A Eurovent certified water cooled chiller of Eurovent energy efficiency class B used for air conditioning (cooling only) is considered. The cooling capacity of 1000 kW at full load and ambient temperature 35°C is provided by two screw compressors using refrigerant R134a. The evaporator is cooling down water from 12°C to 7°C. In the simplified model it is assumed that the temperature difference between condensing temperature and ambient temperature is fixed 12 K. The condenser is heating up the secondary fluid which is recooled by a dry cooler. In the dry cooler the secondary fluid is cooled down by 5 K to a temperature which is 5 K above the ambient temperature. The pump power of the secondary fluid is not considered. The study is comparing the efficiency of the chiller plus certified dry cooler with the chiller plus a non-certified dry cooler having a capacity gap of 25%. At full load the non-certified dry cooler is causing a 2.5 K higher condensing temperature of the chiller. At 75%, 50% and 25% part load operation the AC fans' speed of the non-certified dry cooler is raised to achieve the same condensing temperature as when using the certified dry cooler. By the calculation of the ESEER value of the complete system the energy efficiency is compared.


The dry cooler fan power consumption is within the range of 10% and 20% of the total system's power consumption at the different load conditions (Figure 4).

Figure 4.Power consumption of the total system chiller plus dry cooler (kW).

Figure 5 shows the EER of the total system with the two different dry coolers. The ESEER value of the system using a dry cooler with capacity gap is 4.6% lower due to the higher power consumption of the chiller at full load and the higher power consumption of the fans of the dry cooler at part load operation.

For the City of Milan the annual energy saving of the chiller system using a dry cooler obtaining the designed capacity is around 20 000 kilowatt-hours at calculated 3 542 operating hours. At energy costs of 0.15 € per kilowatt-hour the saving in energy costs will be around 3 000 € per year. Assuming that a non-certified dry cooler may be 10% cheaper the payback time is less than 1.7 years and every year annual savings in operating costs will be achieved. Additionally capacity gains or benefits when for example operating with free cooling are possible. For chillers with longer operating hours or chillers designed for process cooling the payback time will be even shorter.

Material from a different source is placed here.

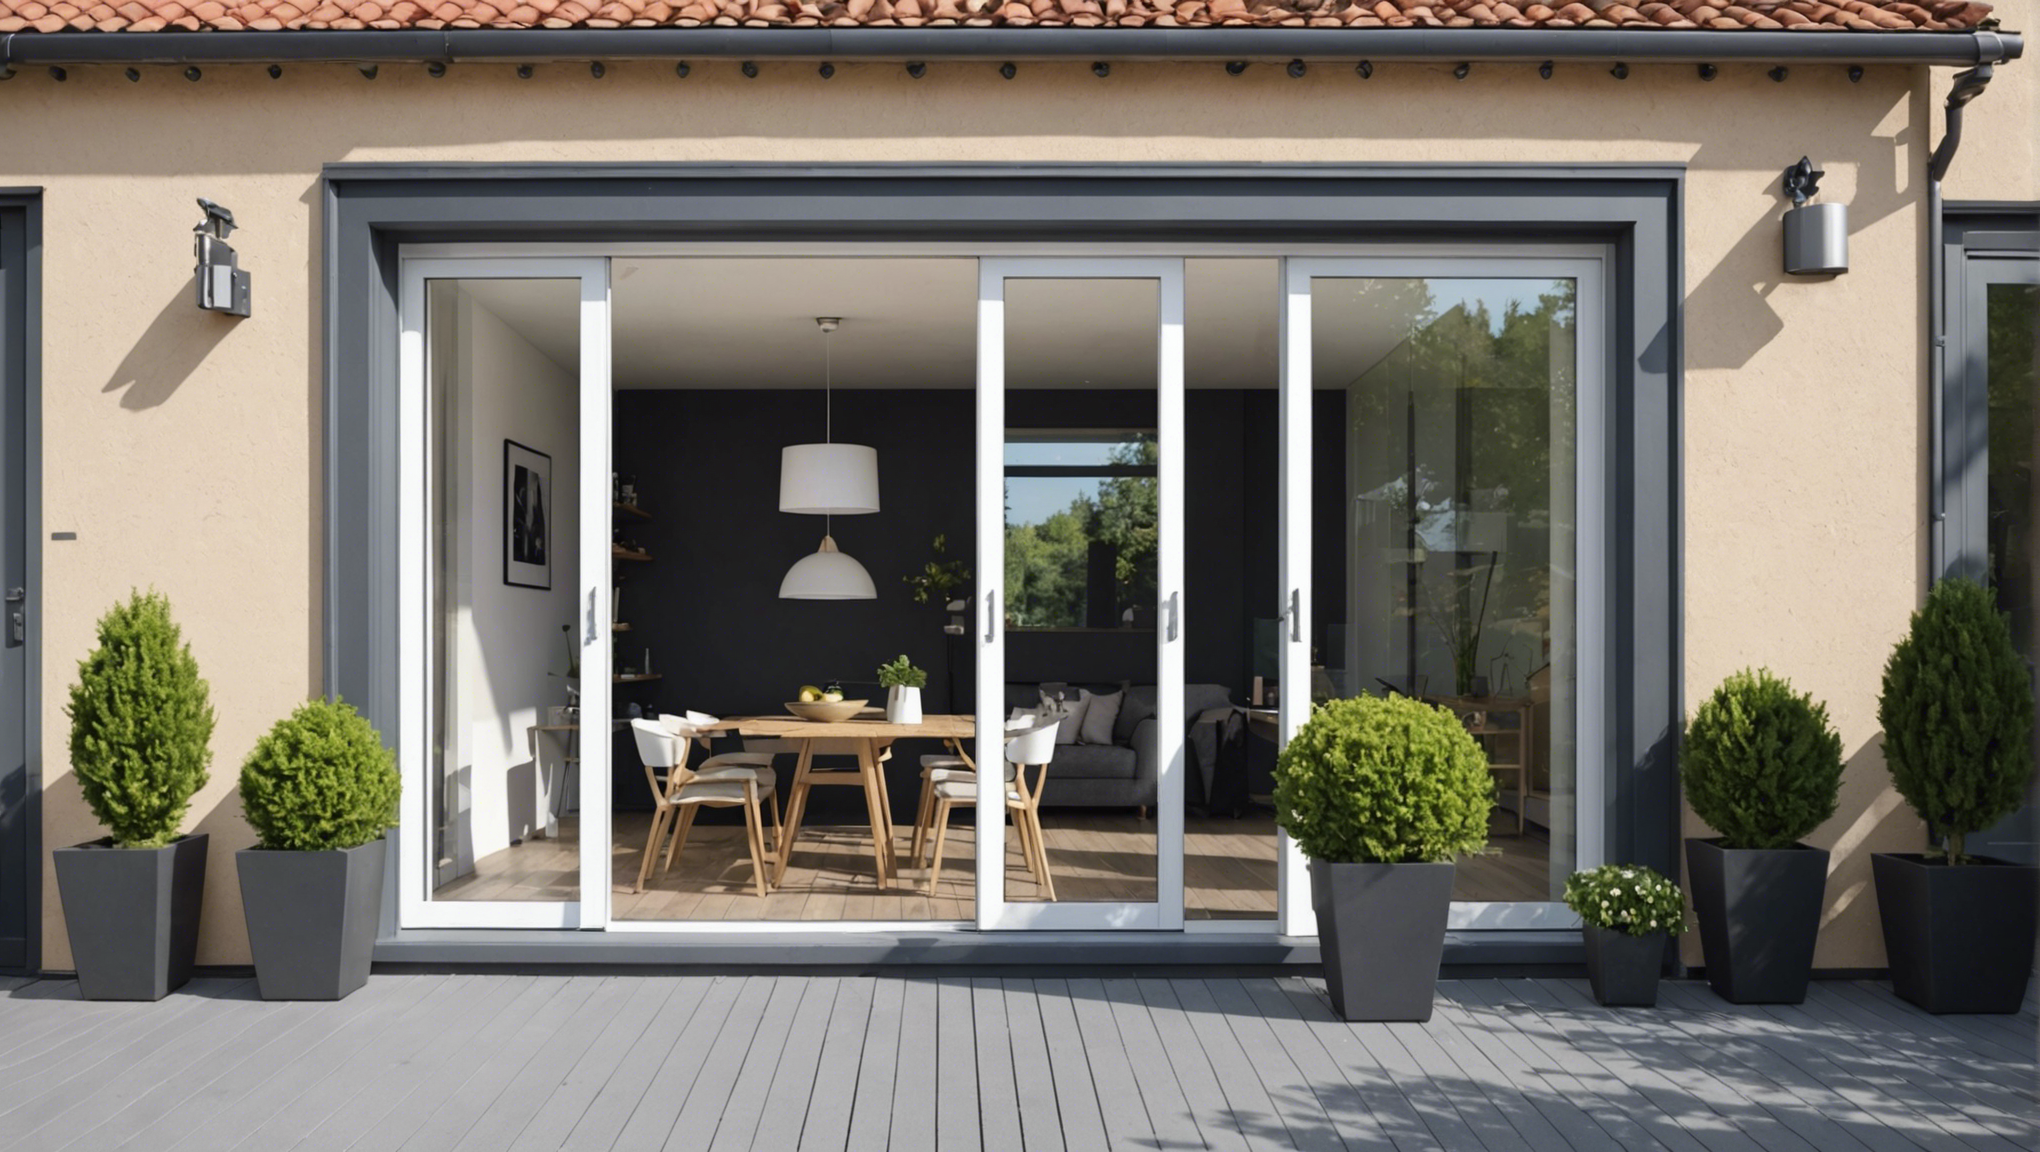 découvrez les critères essentiels à prendre en compte pour sélectionner la meilleure fenêtre coulissante pour votre maison et profiter d'un confort optimal.

Figure 5.EER of system chiller plus dry cooler at different load.



The paper showed how important it is to use certified components and systems. Correct performance data for heat exchangers are absolutely essential, because they influence the energy efficiency of the entire system. In the study a water cooled chiller recooled by a dry cooler with a capacity gap of 25% was causing 4.6% higher energy costs.


[1]     Eurovent Market Intelligence: Chillers' Sales Data. E-mail January 2015.

[2]     EurocentCertita Certification: Flyer July 2013.